Roman Catholic church in Vilnius, Lithuania

The Church of the Discovery of the Holy Cross (Šv. Kryžiaus Atradimo bažnyčia) is a Roman Catholic church in Jeruzalė neighborhood of Vilnius, Lithuania. Located on the right bank of Neris River, it is the centerpiece of the Vilnius Calvary, a 35-station Way of the Cross.

==History==
===17th century===
The original purpose of the church was to show appreciation to God for the victory against the Russian army in the Battle of Vilnius during the Second Northern War, which started in 1655 and lasted until 1661. The construction of the church began in 1662 under the supervision of the Bishop of Vilnius Jerzy Białłozor. Białłozor died in 1665 and his heir, Bishop Aleksander Sapieha, took charge of the construction. In 1668, he entrusted the local Dominicans from the Convent of the Holy Spirit in Vilnius the supervision of the construction, which was validated by the Master of the Dominican Order in 1670. The church was solemnly consecrated on June 9, 1669 on the feast of Pentecost.

In 1675, the new Bishop of Vilnius Mikołaj Stefan Pac transferred Vilnius Calvary to Observant Dominicans from Congregation of St Louis Bertrand, who had arrived from Warsaw. The wooden church burned down that year, so the Dominicans began rebuilding it. The construction of a monastery and the first masonry church of the Discovery of the Holy Cross, which was completed in 1700, had begun.

===18th century===
A Trinitarian convent with the Church of the Holy Trinity in Trinapolis, began to operate as a branch of the Church of the Discovery of the Holy Cross, whose mission was to rescue Christian captives from Muslims.
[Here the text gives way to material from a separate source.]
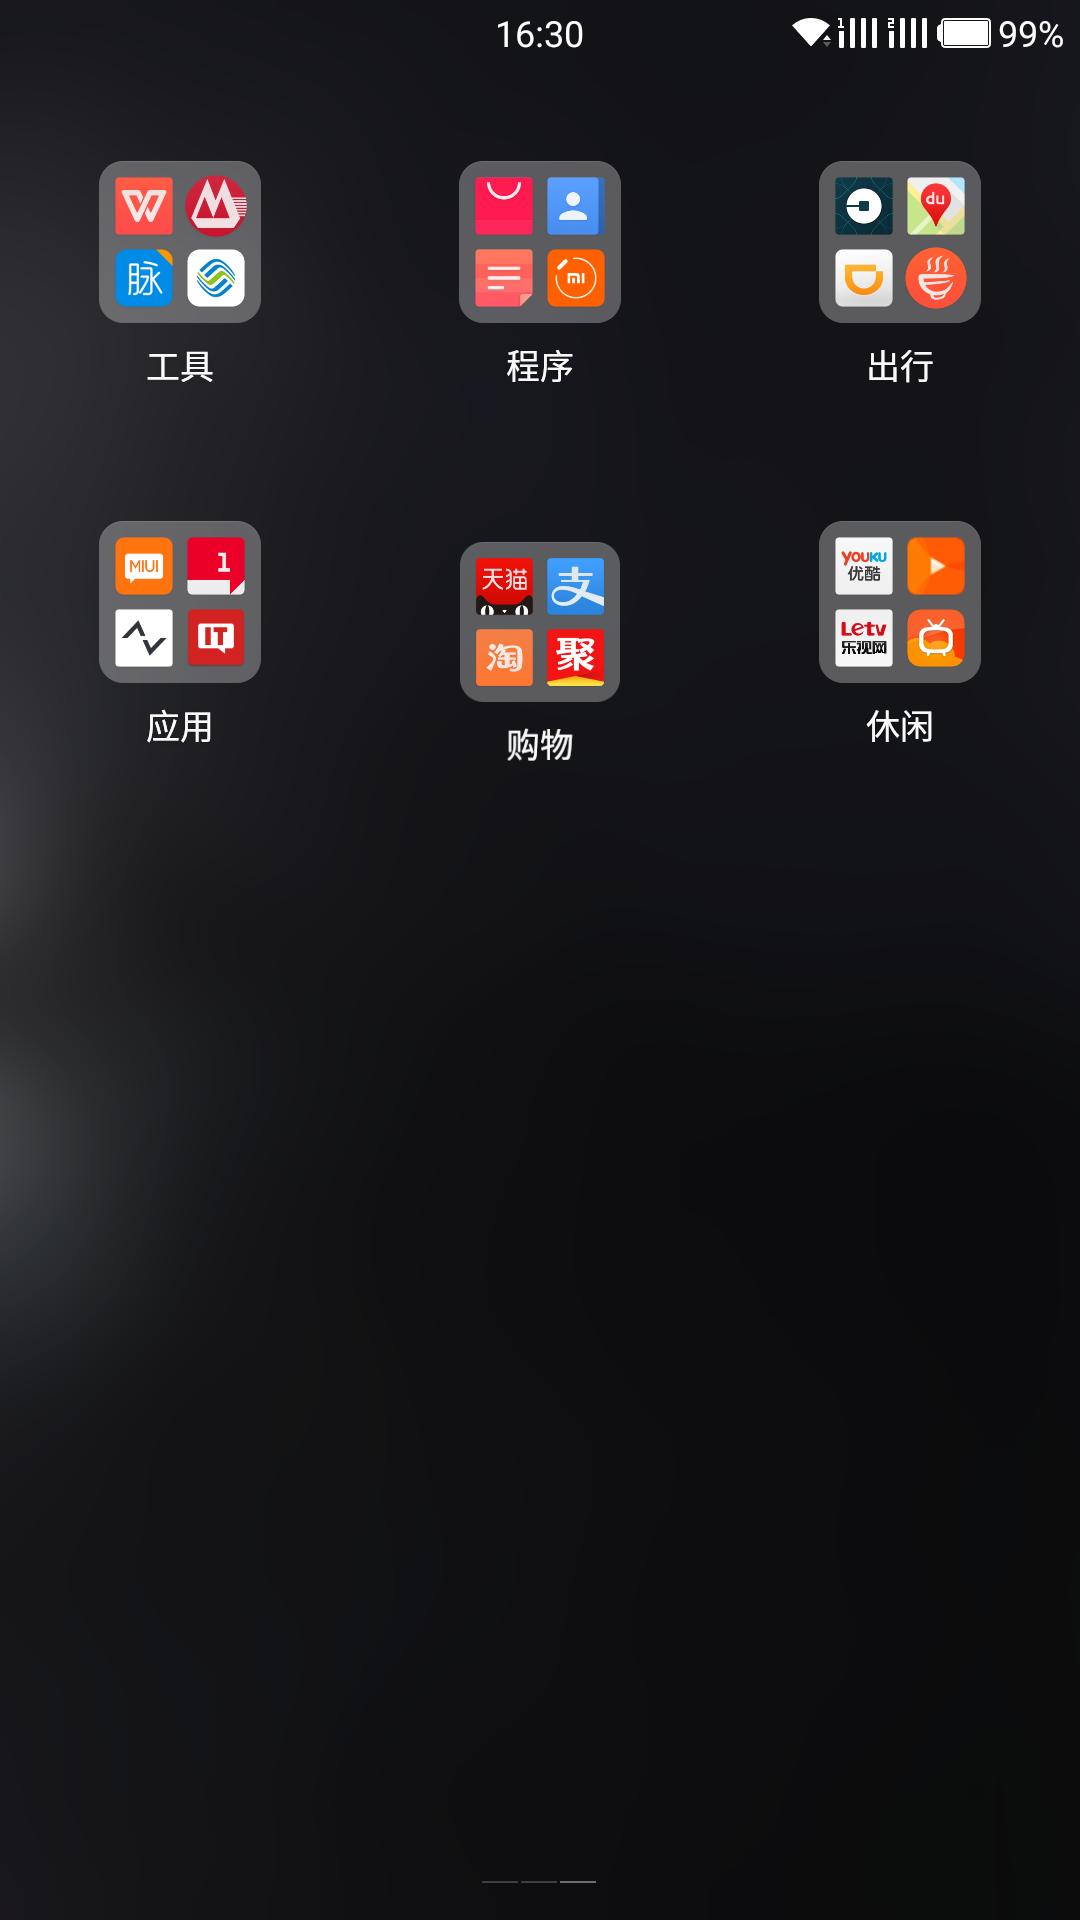 桌面图标不对齐第四版更新了这个bug还没改过来

In 1755, the Dominicans of Vilnius launched the construction of a new church, a monastery and twenty new masonry chapels for the calvary. The main sponsors of the effort were minor nobility from the Grand Duchy of Lithuania, with support from the Bishop of Vilnius and other clergy. The interior of the sanctuary was decorated with frescoes, showing the legend of the Finding and Glorification of the Holy Cross, episodes from the New Testament and other scenes reflecting devotion to the Sacred Heart.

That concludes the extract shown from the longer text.